Friday, June 17, 2011

Hiking and Hard Work



Returning to the wilderness of the Cascades today was magical and reminded me of so much joy I have been fortunate enough to enjoy in my life to this point. I have lived quite the privileged life here in the suburbs of Seattle surrounded by jolly forests and an exceptionally safe environment, and I think I am finally reconciling with my past hatred for this place. I still don't think I can handle a lot of it, and it helps that I am currently amidst family who are such a separate world, but I the exquisite beauty of these mountains are truly something I miss. I went hiking with my relatives on a rocky, but short and somewhat flat trail along the river to a beautiful waterfall bounded by snow and sharp, austere sheets of rock. Along the trail it felt so possible to lose ones footing along the maze of muddy dirt, pointy bedrock, and bent tree segments. Yet at the end of this trail in the chilly early morning, the river crashed downwards immersing me in a fine and refreshing alpine mist. Gentle to the eyes, yet sharp to the ears were the many images of the trail from the immense waterfall to the lopsided trees to the face of my young cousin minutes before she cries. There is such juxtaposition in nature, yet it all makes sense for some reason. There is a balance. Some trees fall because of erosion and the ground cannot hold it by chance, or the trees fall because they could not grip their roots stronger to the ground. Other tress lose their lives by happenstance. Nature allows us for some choice in life, but often we control little, and the parts of life we tend to care about the most like marriage and death inevitably encounter the most frustration.

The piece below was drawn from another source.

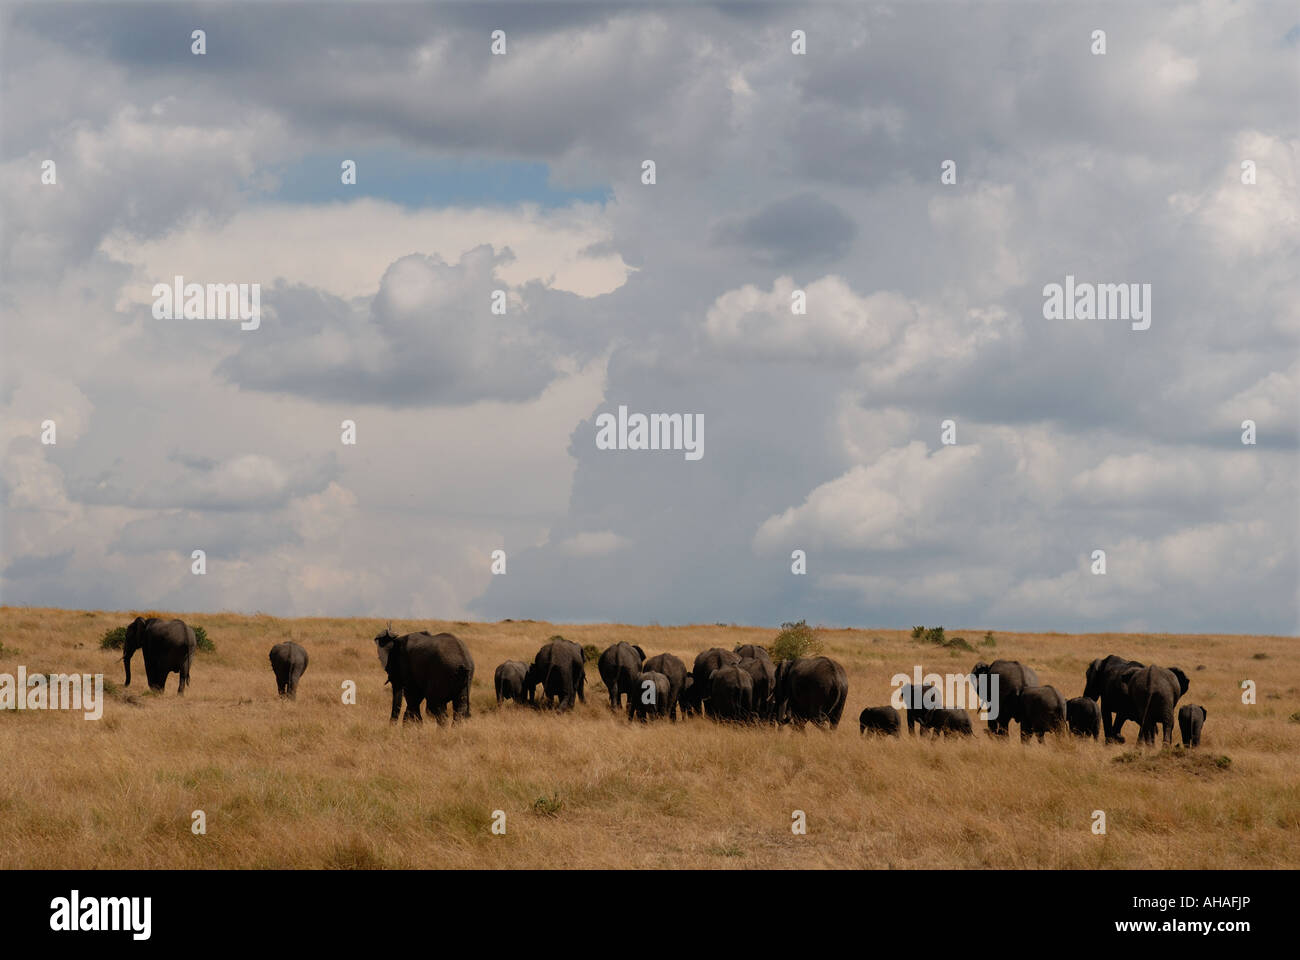 Elefantenherde mit einer langen Reihe von Weibchen und Waden breasting einen grasbewachsenen Anstieg in der Masai Mara National Reserve Kenia Osten Afric Stockfoto

Besides the marvel of the hike, I also had a full day of work. I spend a lot of time organizing a slideshow for my sister and practicing my torah portion. I felt like I worked to my wit's end today, and I still feel like I have more to do. Despite all I have to do, I am learning that through practice, devotion, and determination I can achieve what I set out to do. I have almost mastered my torah portion and I completed the slideshow with a few edits to be made. I am learning so much every day of my life, and it helps to just let go of the pressures of class for a time and enjoy the company of my fascinating and wonderful relatives.